Он попытался уколоться, опять загримасничал.
— Курре! — завопили за дверью. — Это я, Смурф! Курт посмотрел на меня.
— Открой, — попросил он, и я впустил Смурфа. Тот сразу же уперся мне в грудь своими ручищами и толкнул в гостиную, где над дозой мучился Курт. Смурф швырнул рюкзак на пол и припер меня к стенке.
— Где он?
— У меня нет.
— Давай его сюда.
Он снова толкнул меня, и я ударил его под рукой.
— Не дерись, — сказал я.
— Отдай его мне!
Смурф так прижал меня к стенке, что я стукнулся головой.
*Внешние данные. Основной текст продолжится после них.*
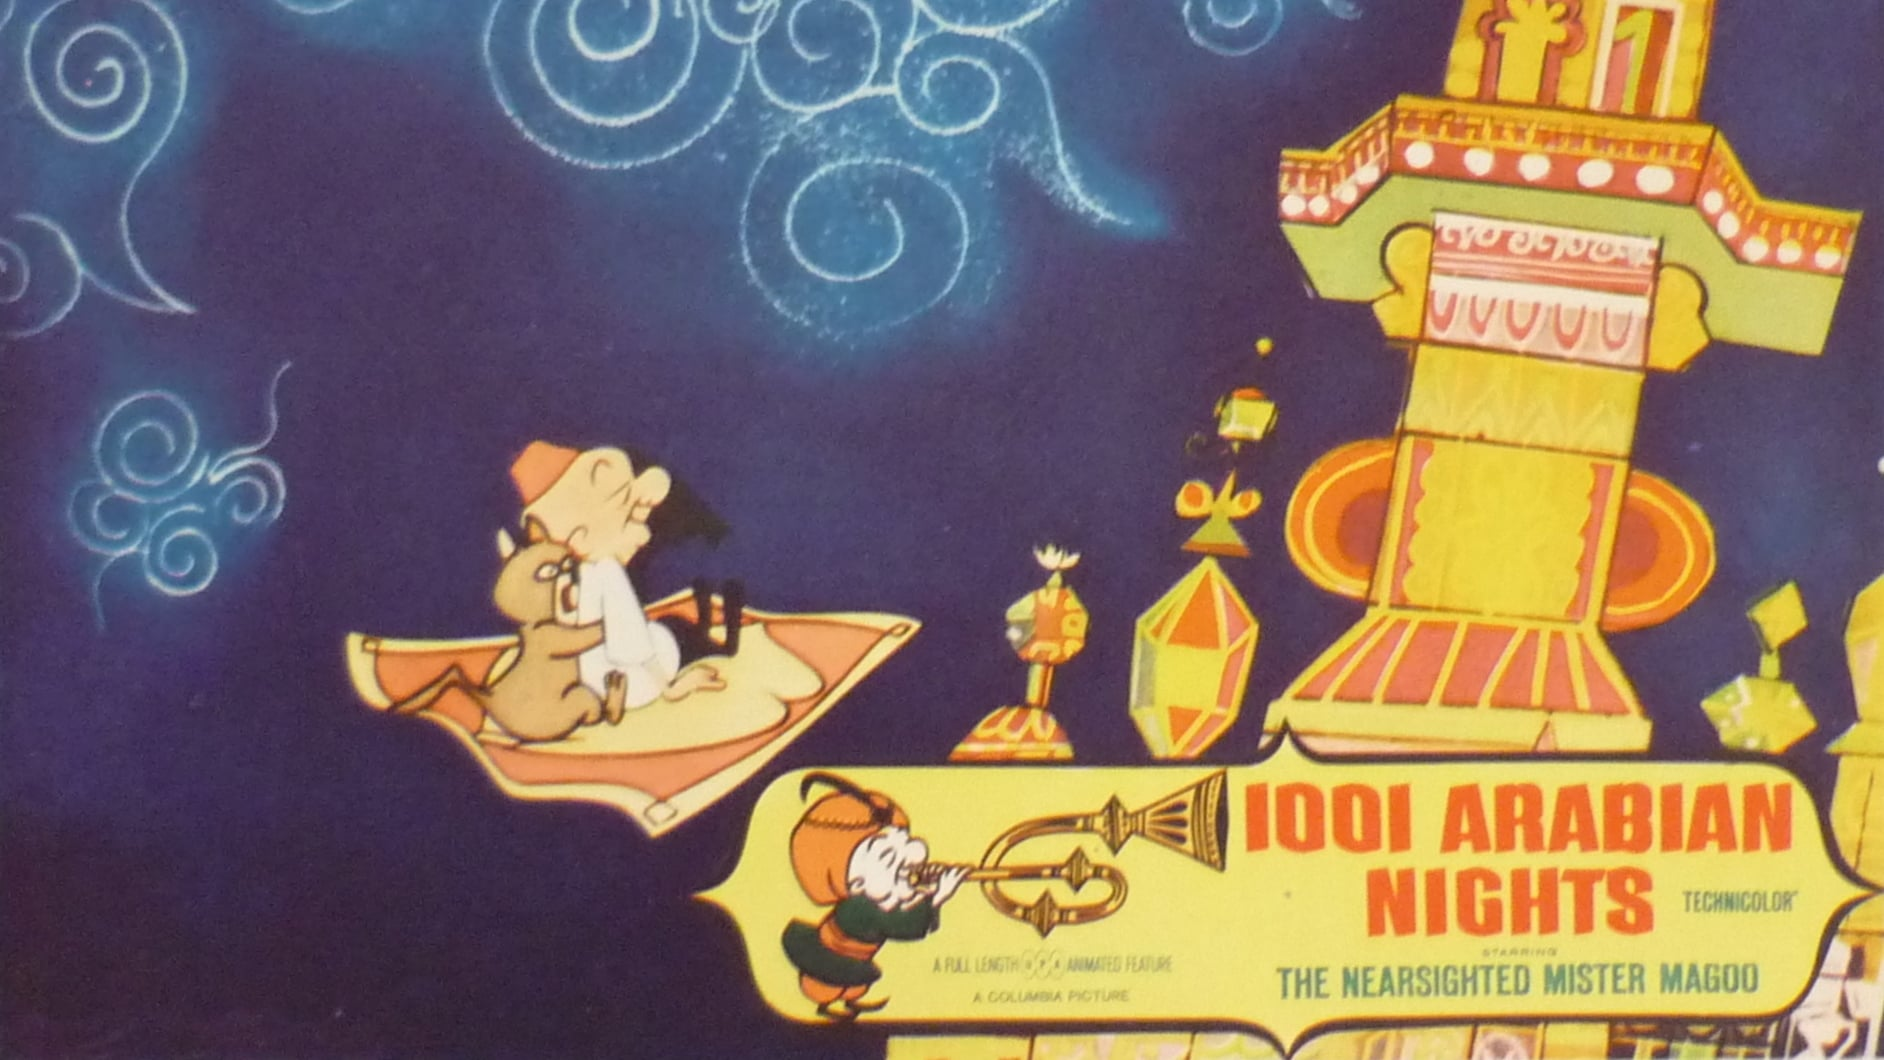 1001 arabian nights pictures Aladdin (disambiguation) - Wikipedia

— Давай сюда, — повторил он и вновь толкнул меня, но я отступил в сторону и нанес ему в плечо прямой левый.
— Не дерись со мной, Смурф! — Я сделал вид, что сейчас врежу ему в нос. Он всегда был тугодум, вот и не отступил, а шагнул ко мне, тяжело, некрасиво — неритмично, бездумно. Просто пер на меня, вытянув ручищи. Я нанес ему обманный удар по щеке — не сильный, просто чтобы он уяснил: лезть ко мне не надо.
— Не дерись со мной!
— Отдай, иначе сам возьму. — Смурф намеревался вцепиться мне в руку ниже локтя. Но я отступил и нанес ему два прямых левых. Он зашатался, а я приблизился вплотную и впечатал правый хук ему в грудь; я услышал, как из Смурфа выходит воздух, и он завалился на Курта, который так и сидел на диване со шприцем. Смурф разевал рот, силясь вдохнуть, Курт орал, а я рывком распахнул дверь и понесся вниз по лестнице, через ступеньки и дальше, к станции метро. Успел вскочить в один из последних поездов до Альбю, до дома.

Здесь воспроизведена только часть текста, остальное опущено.